Yea, but then it's the movies job to tell me this, like it wisely did when it explained how she understands our langue. 

I mean, there's no suggestion anywhere that she forgot how to speak English. She did grow up on Earth and only spent 6 years with the Kree. Screwing with her memories ain't going to make her forget English. The only thing the Kree needed to do was make sure they implanted fluency in Kree on her brain. I would have preferred it if she realised at some point that her universal translator was busted from her Blockbuster fall the whole time, and that she was reading, speaking and hearing natively. Indeed that could have been a very good holy shit! confirmatory moment for her.

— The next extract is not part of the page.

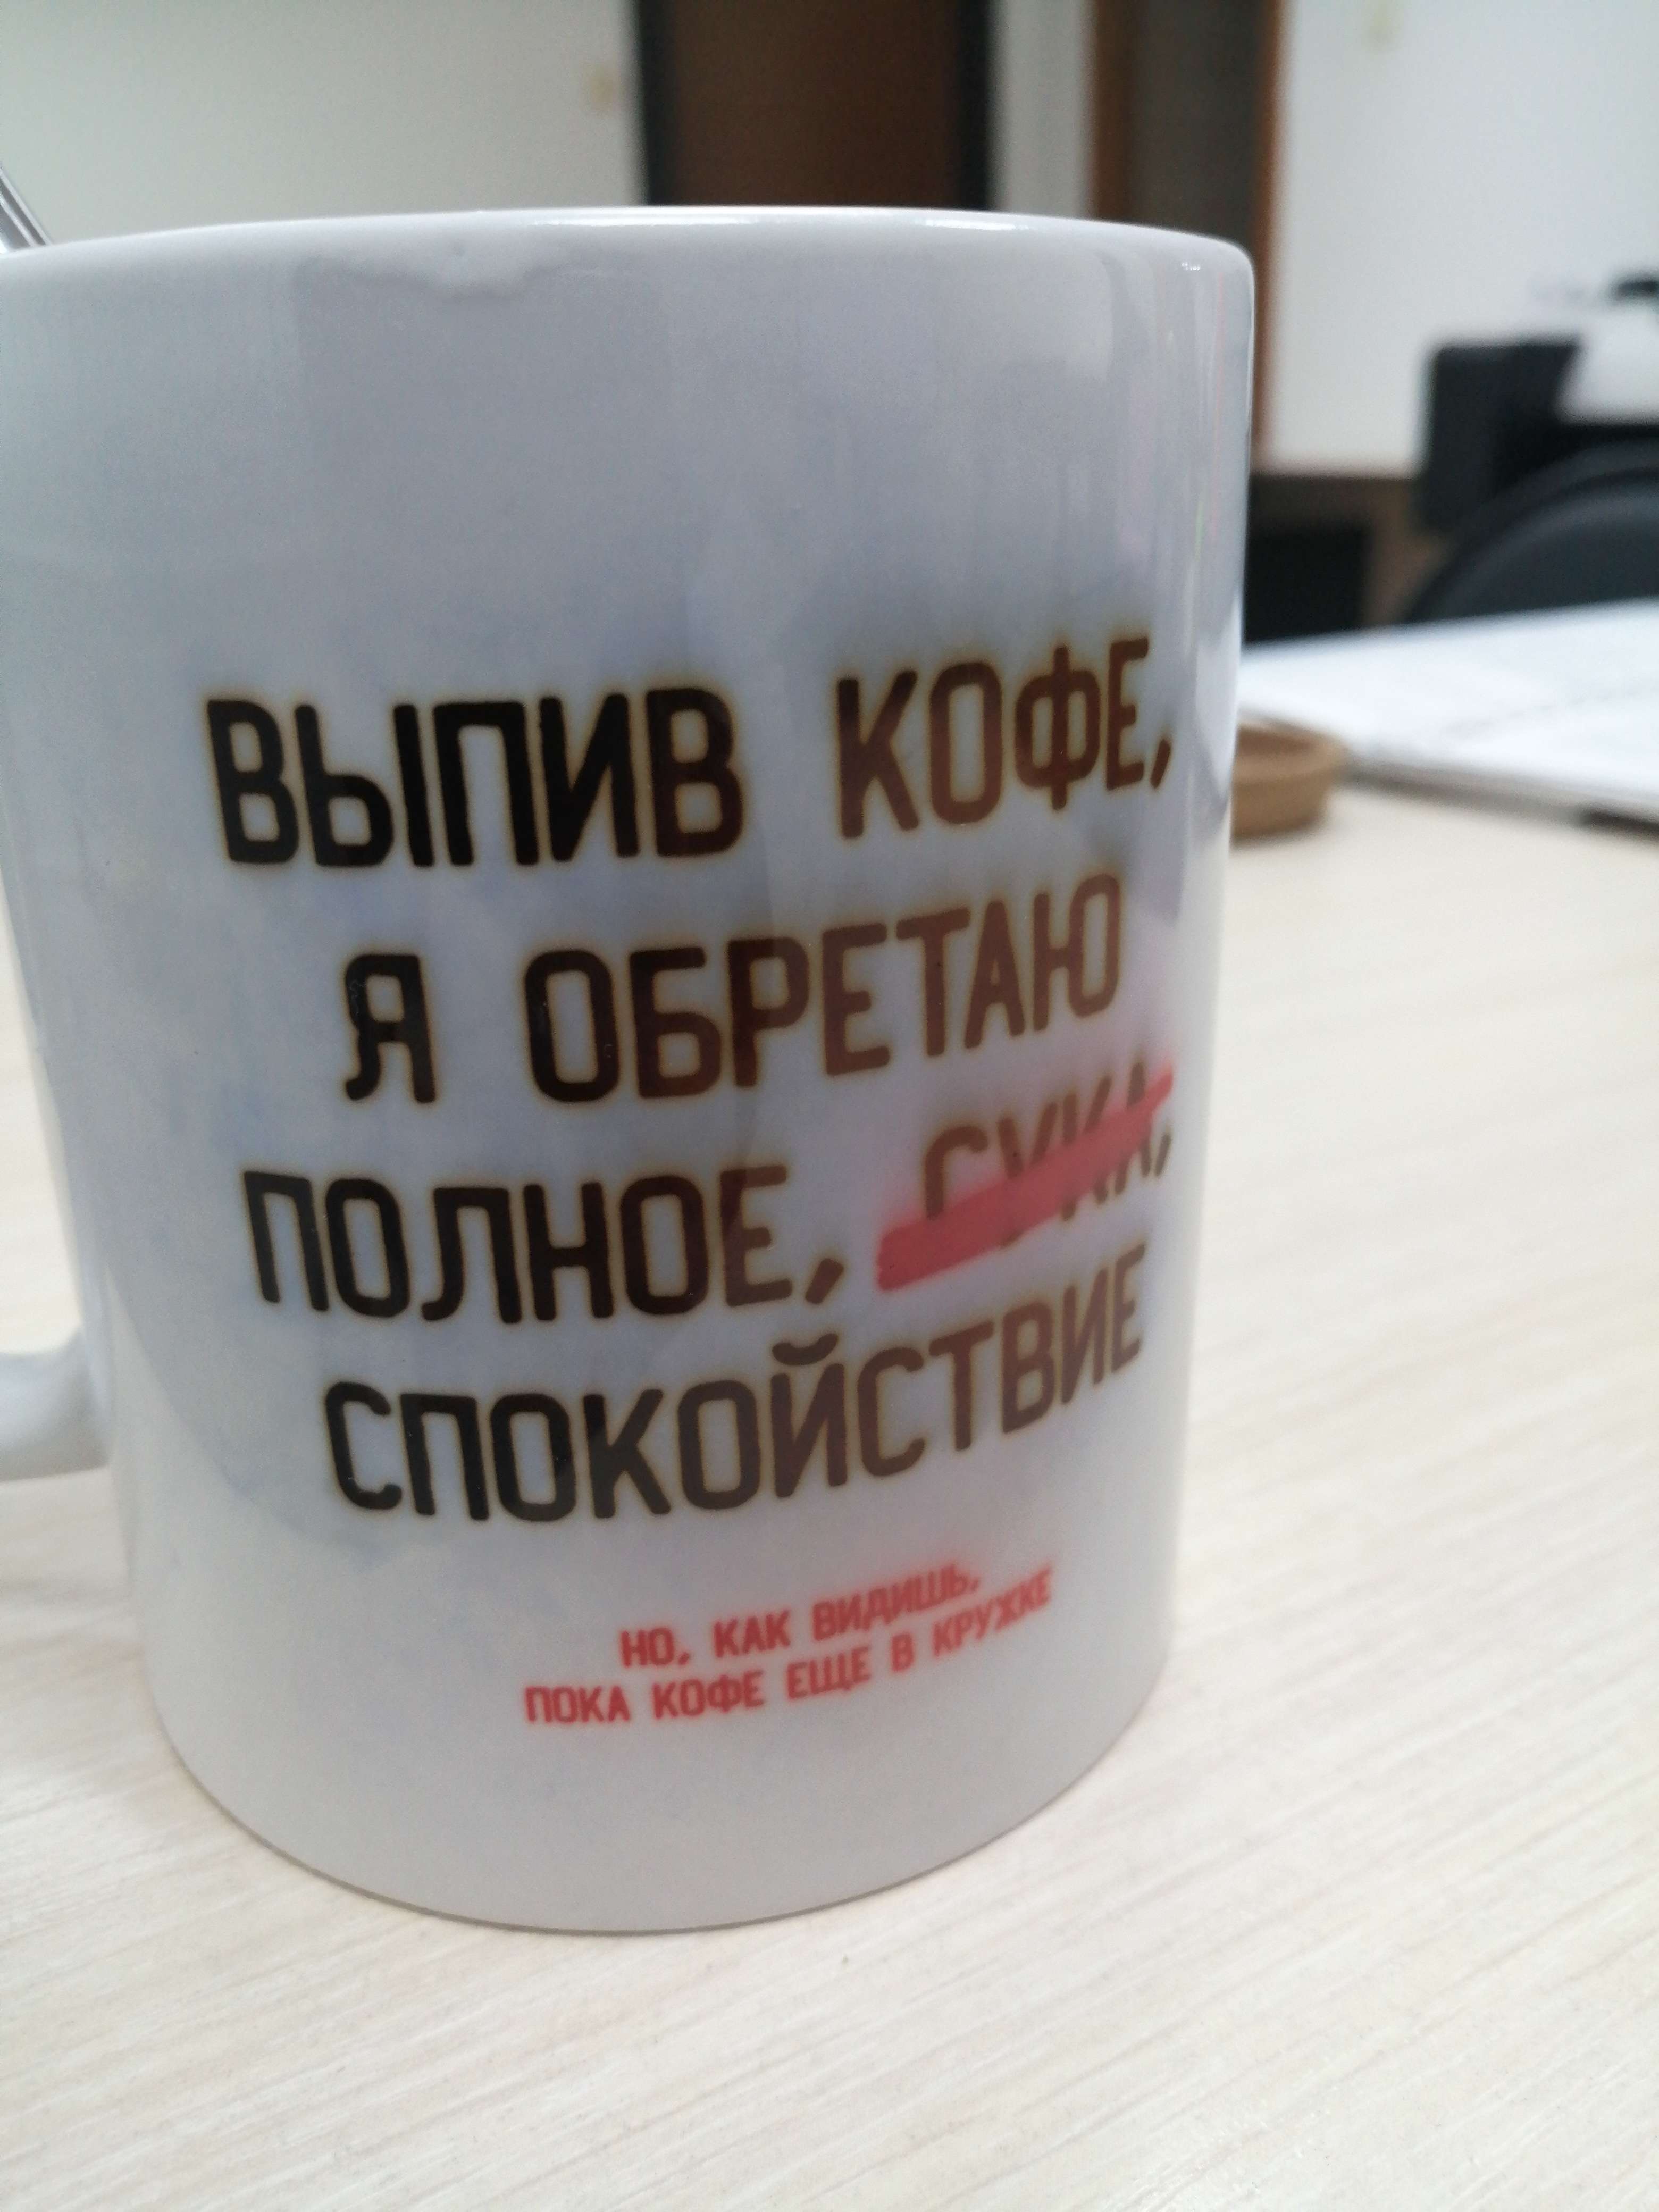 Фотография покупателя товара Кружка «Выпив кофе, я обретаю», 300 мл

Her jacking the phone to make a galactic communicator shows that she's a tech wizard and not just a soldier.

As for the rest of it. I think the one thing that did stump her, which worked comedically for me and was appropriate, was the keyboard. She left Earth just around the time when typing competency was becoming a necessary skill for everyone, so her not being competent with typing on a Qwerty keyboard is a reasonable thing. And the internet cafe cafe scene correctly showed her struggling with the lowest tech part of a computer. I thought her ability to interact with any tech was fine without having to explain it given the trope that people who have no memory of their past can still instinctively do stuff they didn't know they could do (Alita, Bourne).

4 hours ago, john said:

 Ultimately, I don’t like the idea that great will unlocks unlimited power, that’s more Green Lantern than Captain Marvel.

I don't understand why that's a criticism here.  I would argue it's not even willpower in this case. But in any case, will power is almost always a key component in overcoming any major challenge. And her (will)power didn't unlock anything really, in that there was no intrinsic block on her power. It was an external device blocking her, and she was able to muster enough power to remove the block. So it was an unblocking not an unlocking.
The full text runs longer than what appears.